Theory on the scattering of light and surface plasmon polaritons by arrays of holes and dimples in a metal film

TL;DR

This paper presents a theoretical study of how arrays of holes and dimples in metal films scatter light and surface plasmon polaritons, introducing a modal expansion method capable of handling complex geometries and real metals.

Contribution

It introduces a novel modal expansion formalism for analyzing light and SPP scattering by large arrays of holes or dimples in metal films, applicable to real metals with thousands of indentations.

Findings

Single holes can scatter a significant fraction of light into SPPs.

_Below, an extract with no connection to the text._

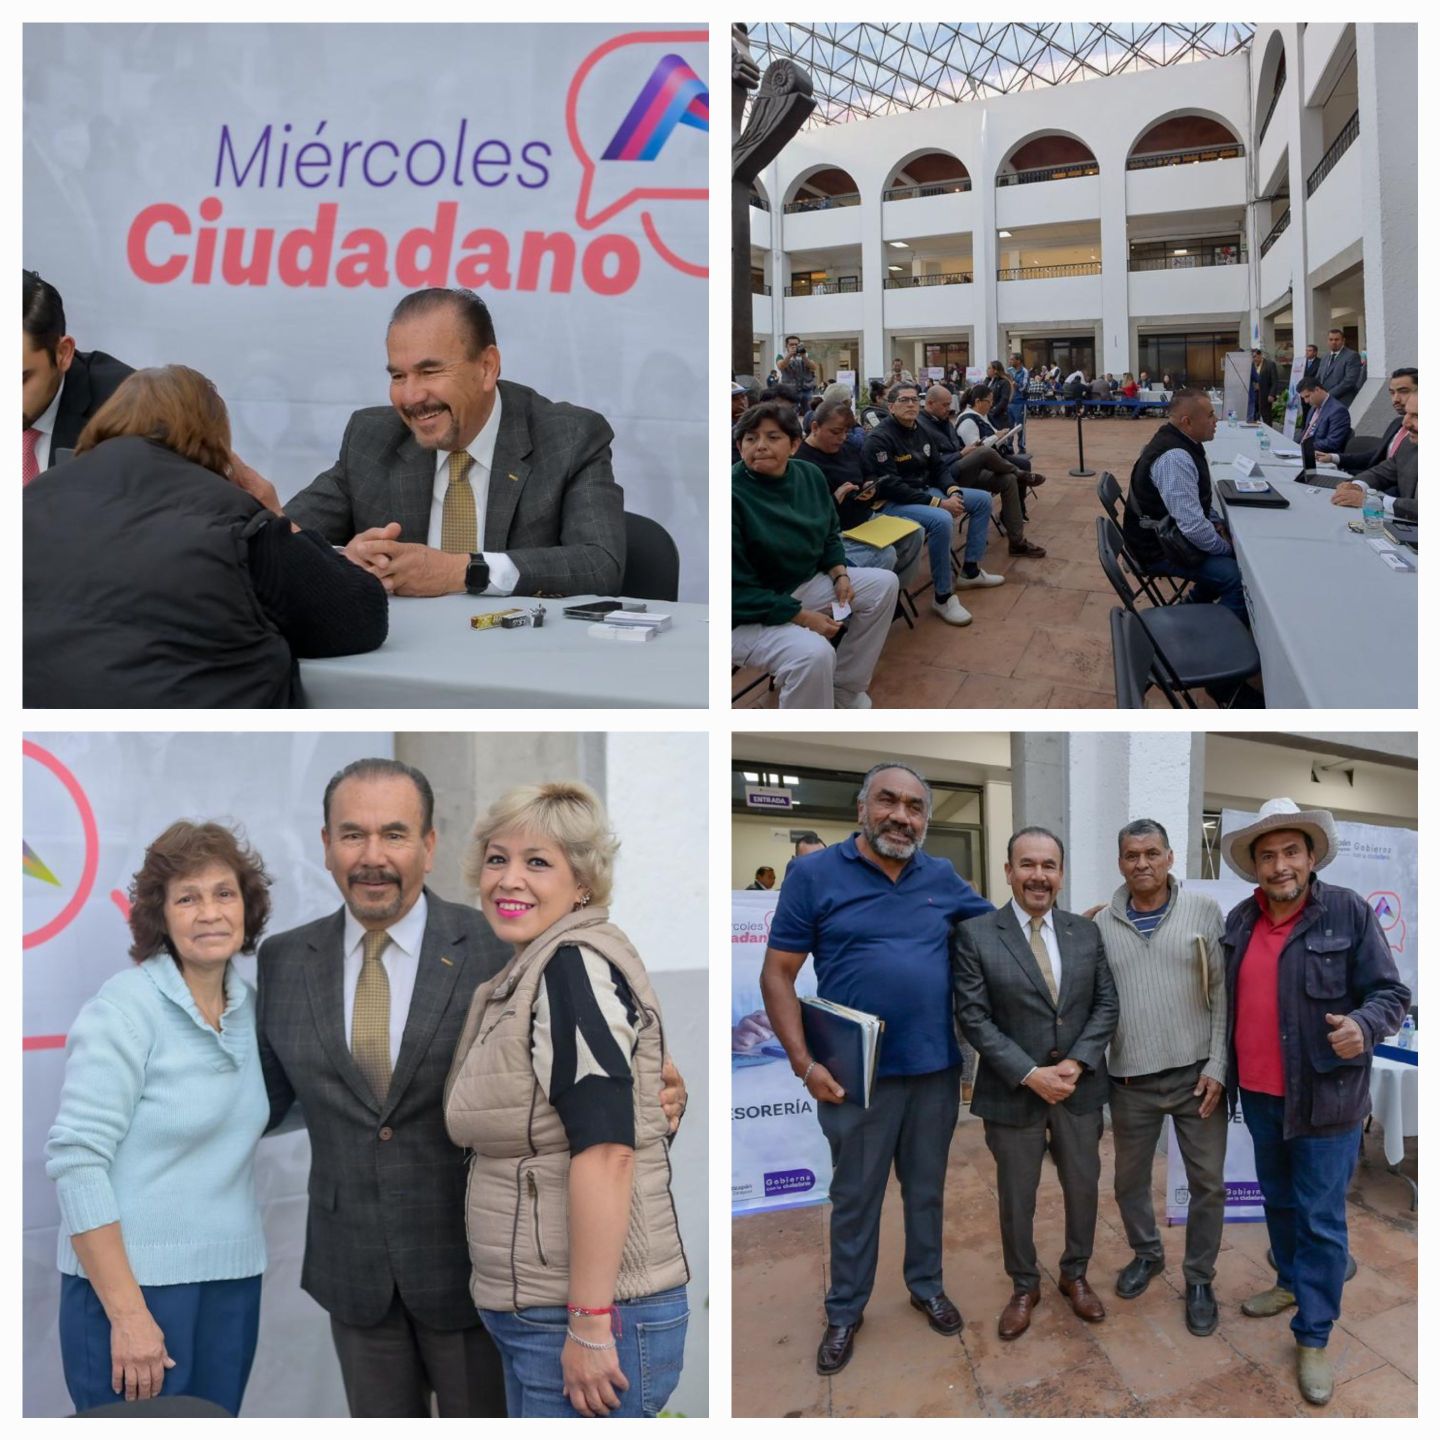 Reanuda Pedro Rodríguez los miércoles ciudadanos; asistentes agradecen al alcalde su atención y cercanía

Holes and dimples scatter SPPs into light with similar efficiencies if the dimple depth exceeds its radius.

Normalized emittances in different channels depend differently on the number of holes.

Abstract

The scattering of light and surface plasmon polaritons (SPPs) by finite arrays of either holes or dimples in a metal film is treated theoretically. A modal expansion formalism, capable of handling real metals with up to thousands of indentations, is presented. Computations based on this method demonstrate that a single hole scatters a significant fraction of incoming light into SPPs. It is also observed that holes and dimples scatter SPPs into light with similar efficiencies, provided the depth of the dimple is larger than its radius. Finally, it is shown that in arrays the normalized-to-area emittances in the out-of-plane and SPP channels present different dependences with the number of holes.